Now the design variables. Every one that is physically positive gets log_transform=True. This is not a style preference — it is what makes a model this nonlinear solve reliably. A log-transformed variable is positive at every iterate, including the infeasible ones the optimizer merely passes through, so downstream expressions like \((\text{wing area})^{0.649}\) can never see a negative base. (The full argument for this, with failure modes, is in the robust-optimization-models chapter.)

design_mass_TOGW = opti.variable(init_guess=300e3, log_transform=True)  # kg

# ICAO Code E gates cap the span at 65 m -- the actual reason the 777-300ER's
# span is 64.8 m (and why the 777-9 folds its wingtips).
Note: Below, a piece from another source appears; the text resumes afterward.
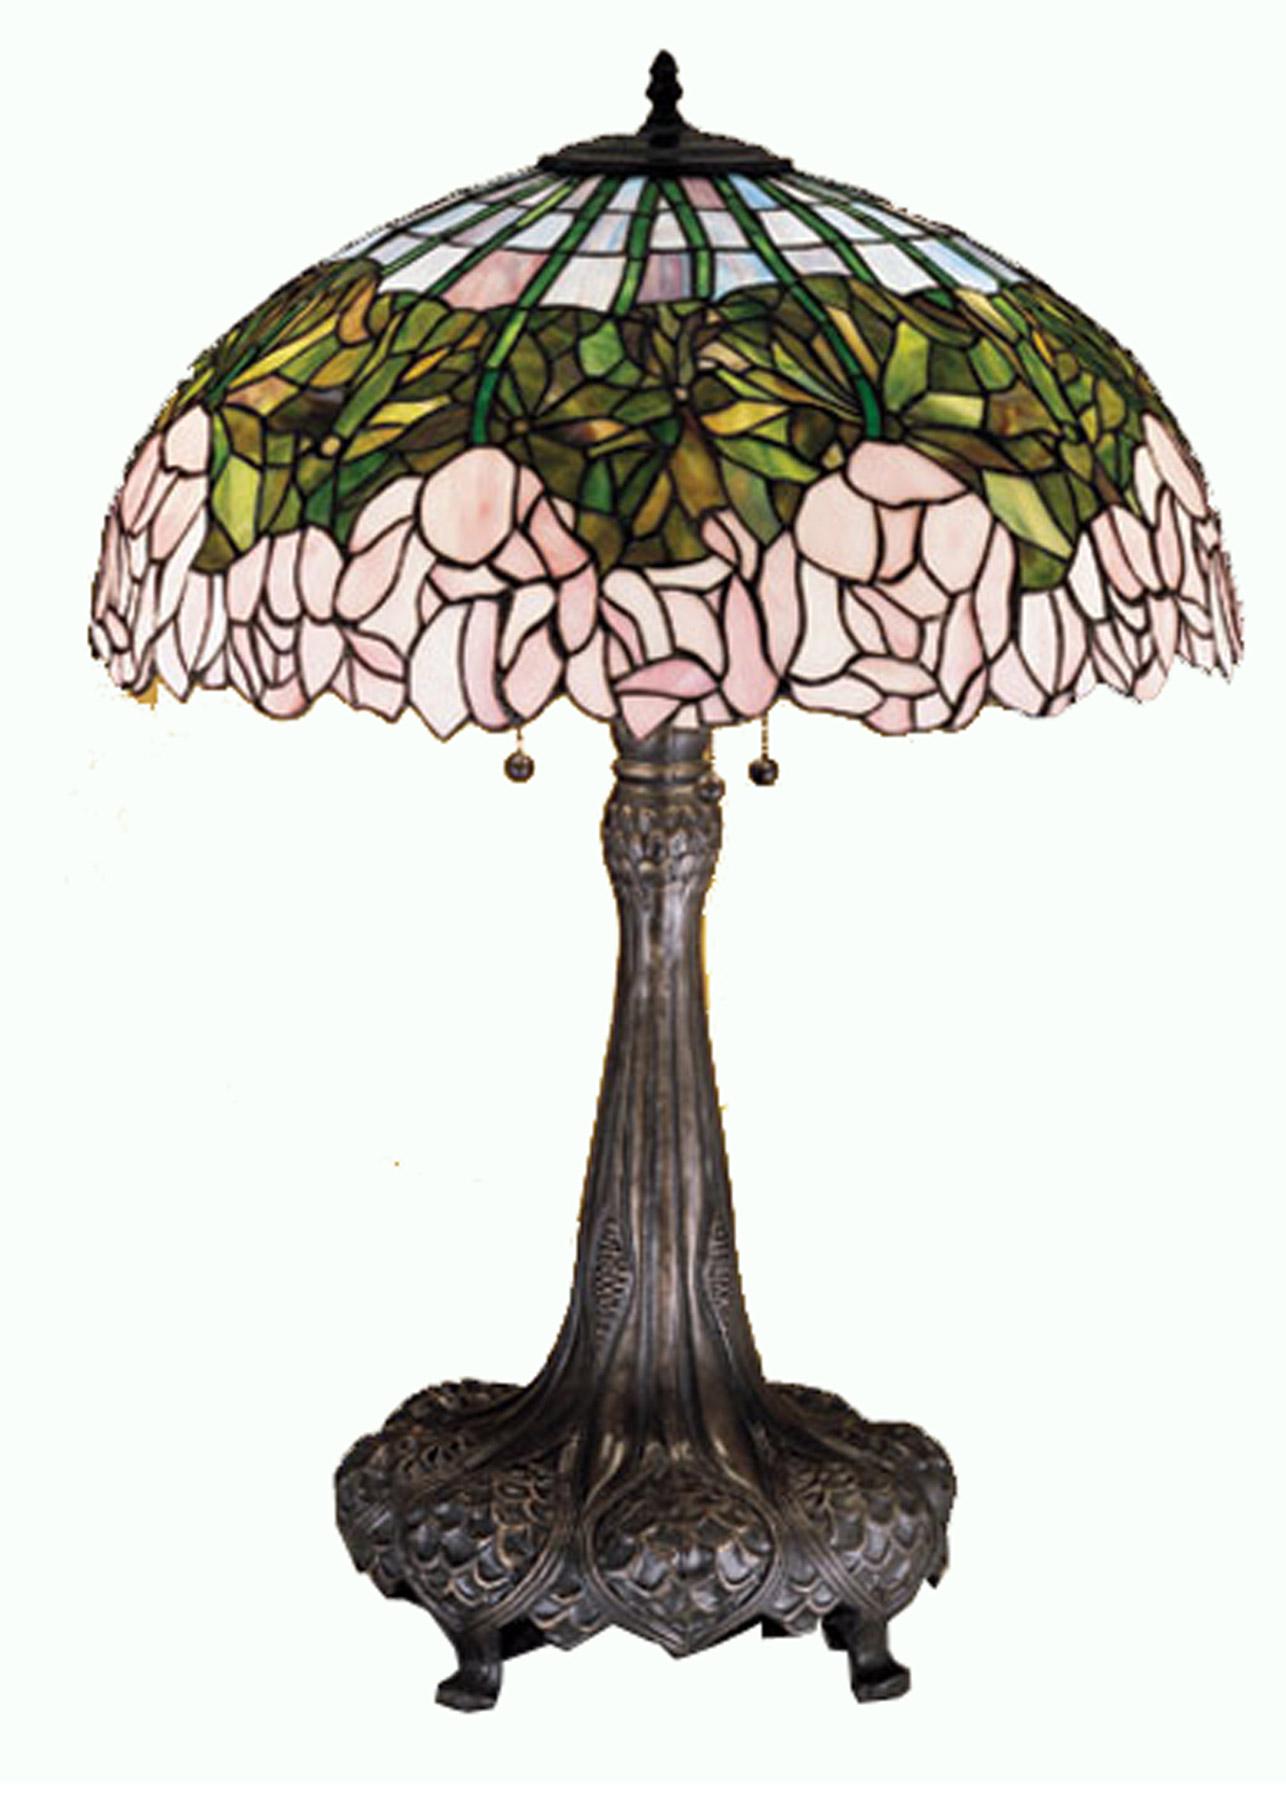 meyda 30513 tiffany cabbage rose large table lamp. Black Bedroom Furniture Sets. Home Design Ideas

Without this bound,
# the optimizer runs to aspect ratios no airport could park.
wing_span = opti.variable(init_guess=60, log_transform=True, upper_bound=65)  # m

wing_yehudi_chord = opti.variable(init_guess=9, log_transform=True, upper_bound=20)  # m

# Interior length of EACH of the two fuselage fuel tanks. Making the *interior*
# length the variable (rather than the exterior) keeps the tank volume positive
# by construction, even at wall thicknesses the optimizer never sees.
tank_interior_length = opti.variable(init_guess=3, log_transform=True, upper_bound=20)  # m

alpha_cruise = opti.variable(init_guess=3, lower_bound=-5, upper_bound=10)  # deg

Note what is not a variable: the wing root chord. The planform has a straight inboard trailing edge (the “yehudi” of a Boeing-style wing), so the root chord is derived from the yehudi chord plus the sweep — guaranteeing every chord is positive at any iterate, with no constraint needed. As a rule: when quantity B is quantity A plus something nonnegative, make A the variable and derive B.

16.3 Geometry

We write the geometry as a plain function. Called with floats, it builds a numeric airplane we can draw; called with opti variables, it builds the symbolic airplane the optimizer sees. This backend-agnosticism is the core AeroSandbox idiom — the same code traces through CasADi or runs on NumPy (see the geometry chapter for the full Airplane stack).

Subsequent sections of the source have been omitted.